By allowing ads to appear on this site, you support the local businesses who, in turn, support great journalism.
Etc.: Reforms
Placeholder Image

Since I started paying (too much) attention to government and politics I have noticed how often similar subjects come up in different governing bodies.

Sometimes that’s imposed from above — for instance, changed federal and state requirements. Other times, I’m not sure if the same elected officials or government employees went to the same conference, attended the same seminars, and brought back those ideas.

The common subject this week has to do with reform of elective bodies. It is an important subject because our elected officials are supposed to represent us but often don’t, in a variety of ways for a variety of reasons.

This week’s Platteville Common Council agenda included a review of chapter 2.04 of the Municipal Code, titled “Common Council.” It includes the layout of aldermanic and Grant County Board districts, and how the meetings are run. It also includes this part: “The Council President shall be selected by a majority vote of all members of the Council at the annual meeting on the third Tuesday of April in each year.”

As you know, I favor the council president’s being chosen only from the three at-large seats and not the four district seats. This has nothing to do with current council president Eileen Nickels or any of her predecessors; it has to do with the fact that the at-large seats are the only council seats voted on by all Platteville voters, and it seems logical to have council president candidates chosen by all the voters, not just those in a particular district.

I also would like to see a change in the rule requiring roll call votes for all votes, because roll call votes are not always necessary. Roll call votes seem necessary for fiscal items, changes to the municipal code or going into closed session, but perhaps not otherwise. As it is, whenever there’s a question, either by the clerk or an alderman, a roll call vote can be taken anyway. I also find that meetings that last more than two hours lose effective thought by the end of hour two; it would be interesting to see a statutory time limit put on meetings, or at least the non-closed session part of meetings.

I’ve written here before that I think the Platteville School Board does a better job than the Common Council in their areas of responsibility. There is one thing, however, that the Common Council does that the school district does not but should do — put board meetings on cable TV or perhaps online. Given what we pay in taxes, we should be able to see our elected officials deliberate live and recorded, even if we cannot get to meetings in person.

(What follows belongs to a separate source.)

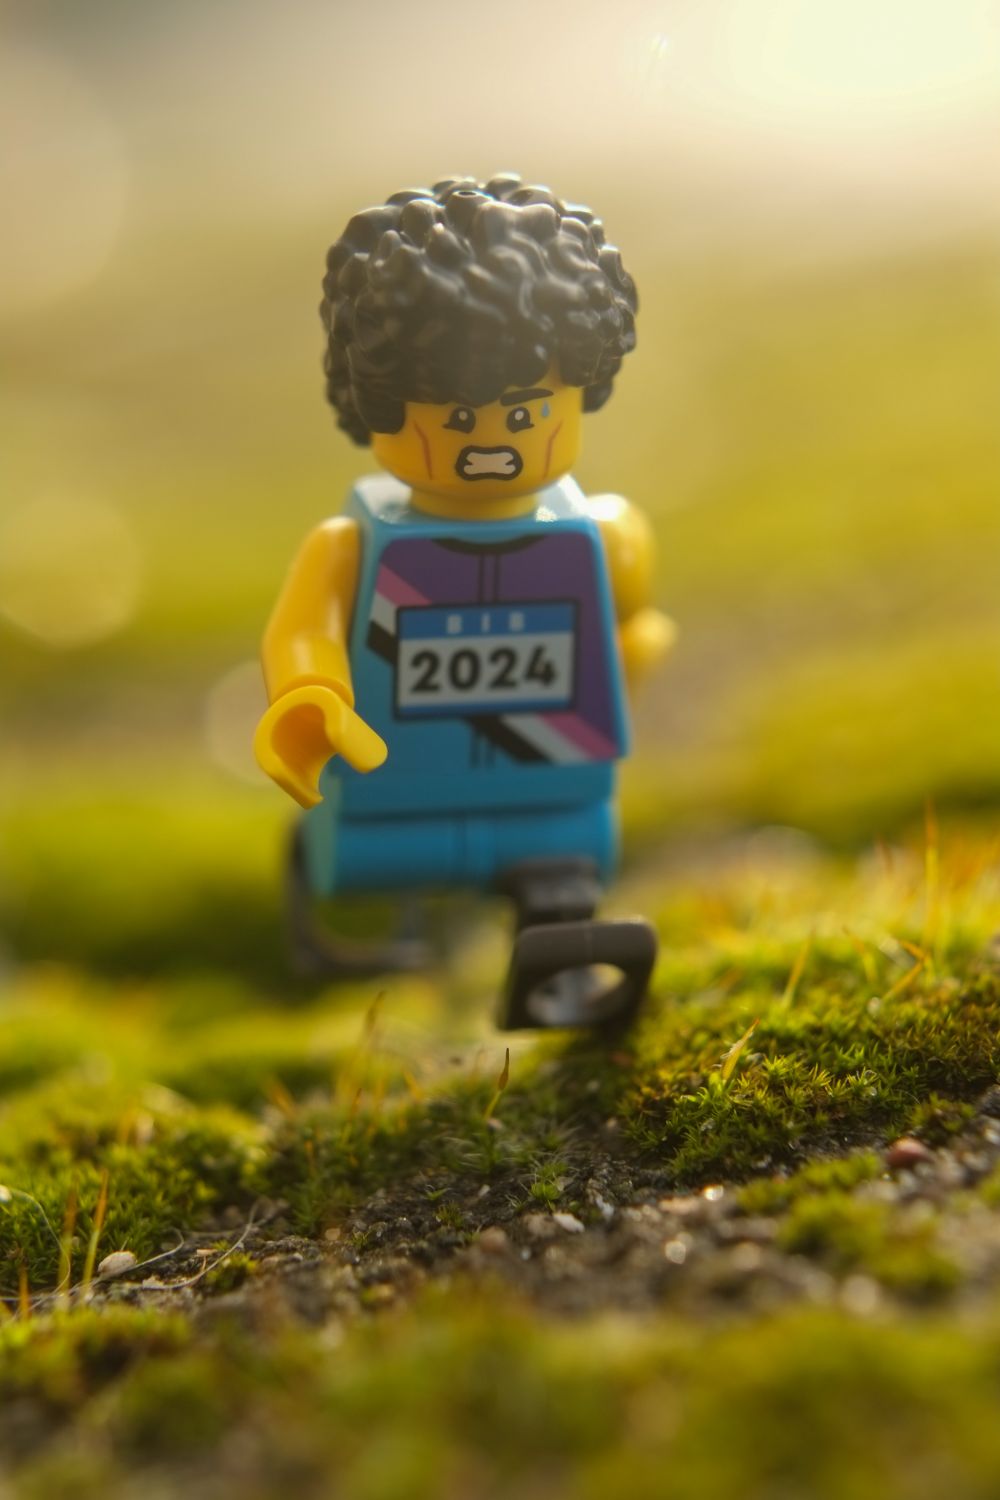 A LEGO paralympic athlete with prosthetic legs running on the grass.
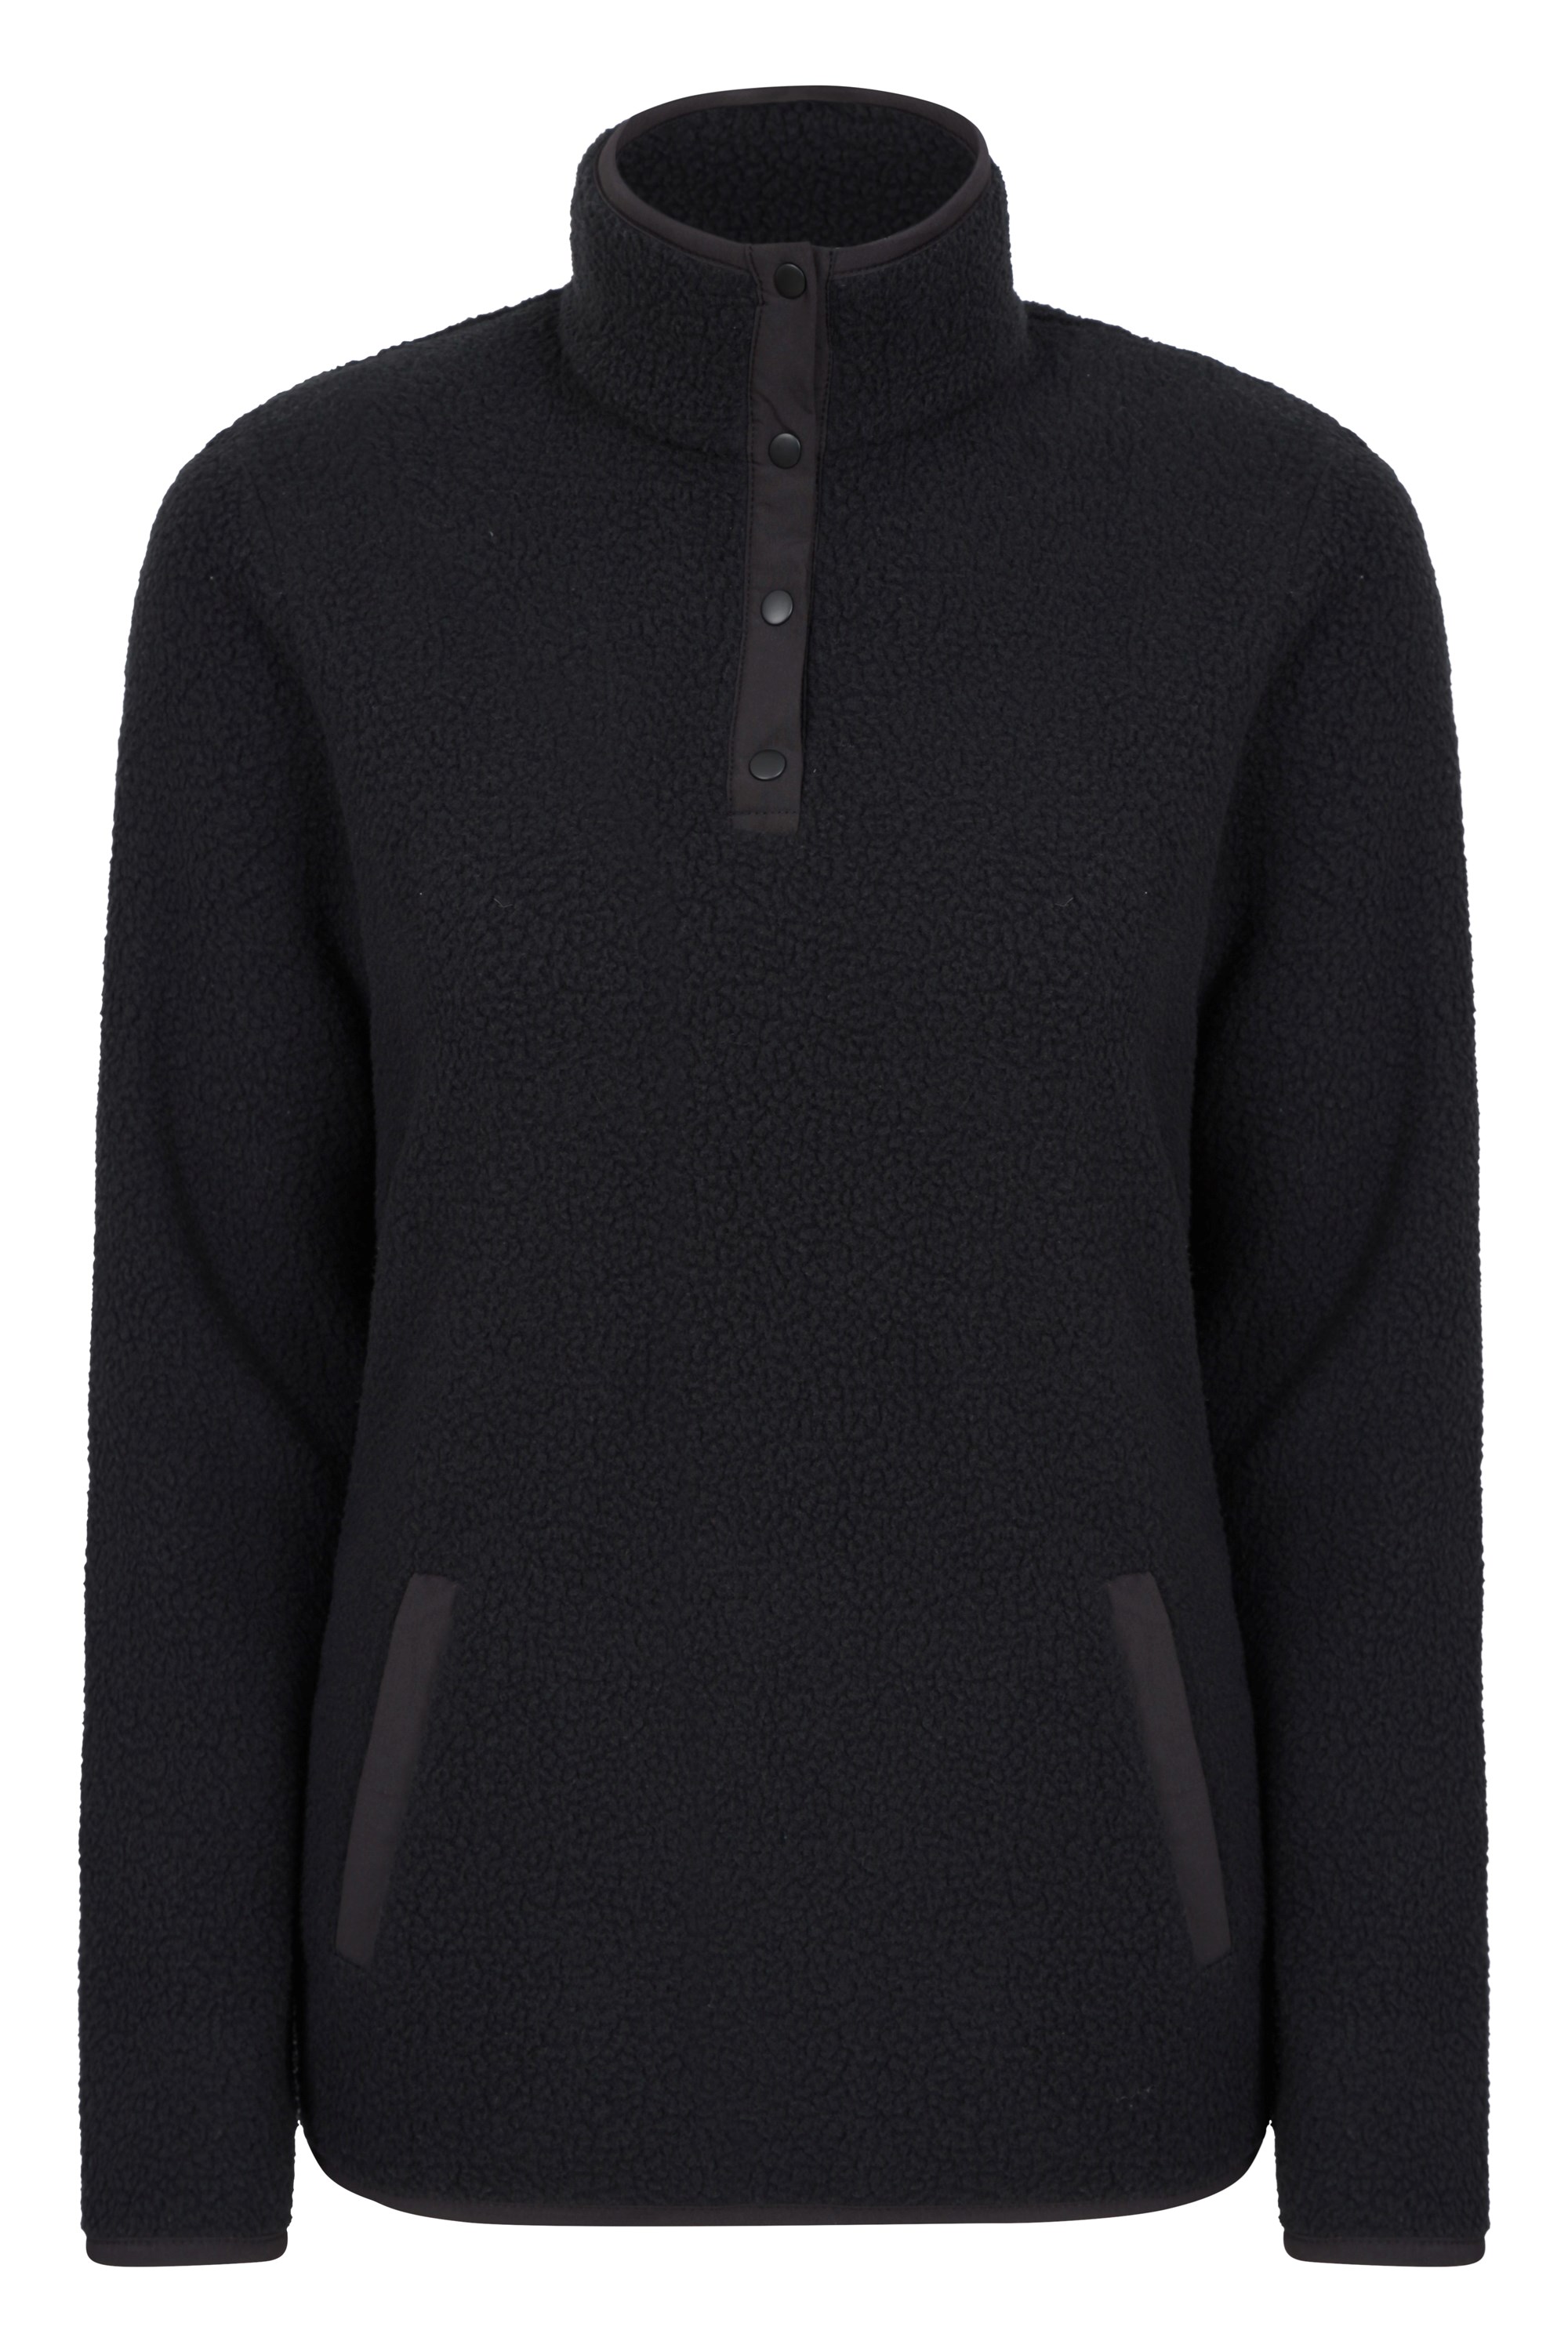 Mono B KT-A097 Fleece Lined Rolled Neck Pullover - Music Collection and  Dance Corner Canada, Canada, Newfoundland, NL

This column was prompted by two other recent stories — one about contentious public comments during a Lafayette County Board meeting, and how the newest Grant County supervisor was chosen. Both counties have at least one thing in common — committee meetings scheduled during the daytime. (As listed in Government Journal on page 5A.) It’s ironic to complain about people not knowing what’s going on when committee meetings are scheduled for the benefit of two groups of people — board members and county employees — and not those paying both groups’ salaries.

Another thing Grant and Lafayette counties have in common is the fact that the county board chairs serve as their counties’ chief administrative officers when they lack the ability to do so. This is not a slam against current Grant County board chair Bob Keeney or Lafayette County board chair Jack Sauer or any of their predecessors or possible successors. No Grant County supervisor has ever run an enterprise with more than 500 employees that spends $45 million or more a year. Iowa County, whose population is half of Grant County’s, has a county administrator.

A county administrator, similar to Platteville’s city manager or other cities’ administrators, is trained in public-sector management. That requires a particular skill set that county supervisors almost never bring to their positions except by county board experience. The job of running units of government is changing in these days of diminishing resources, expanding demands on existing resources, and the new relationship between counties and their employees. It is not a slam against school board presidents to observe that school board presidents are not qualified to run school districts; that’s not their role. It shouldn’t be the role of a county board chair — decided on by as few as nine people out of Grant County’s 51,000 population — to run Grant County.

A letter on this page this week calls for either a county executive or county administrator. I’d prefer the latter to the former, but either is preferable to the way Grant County is run now.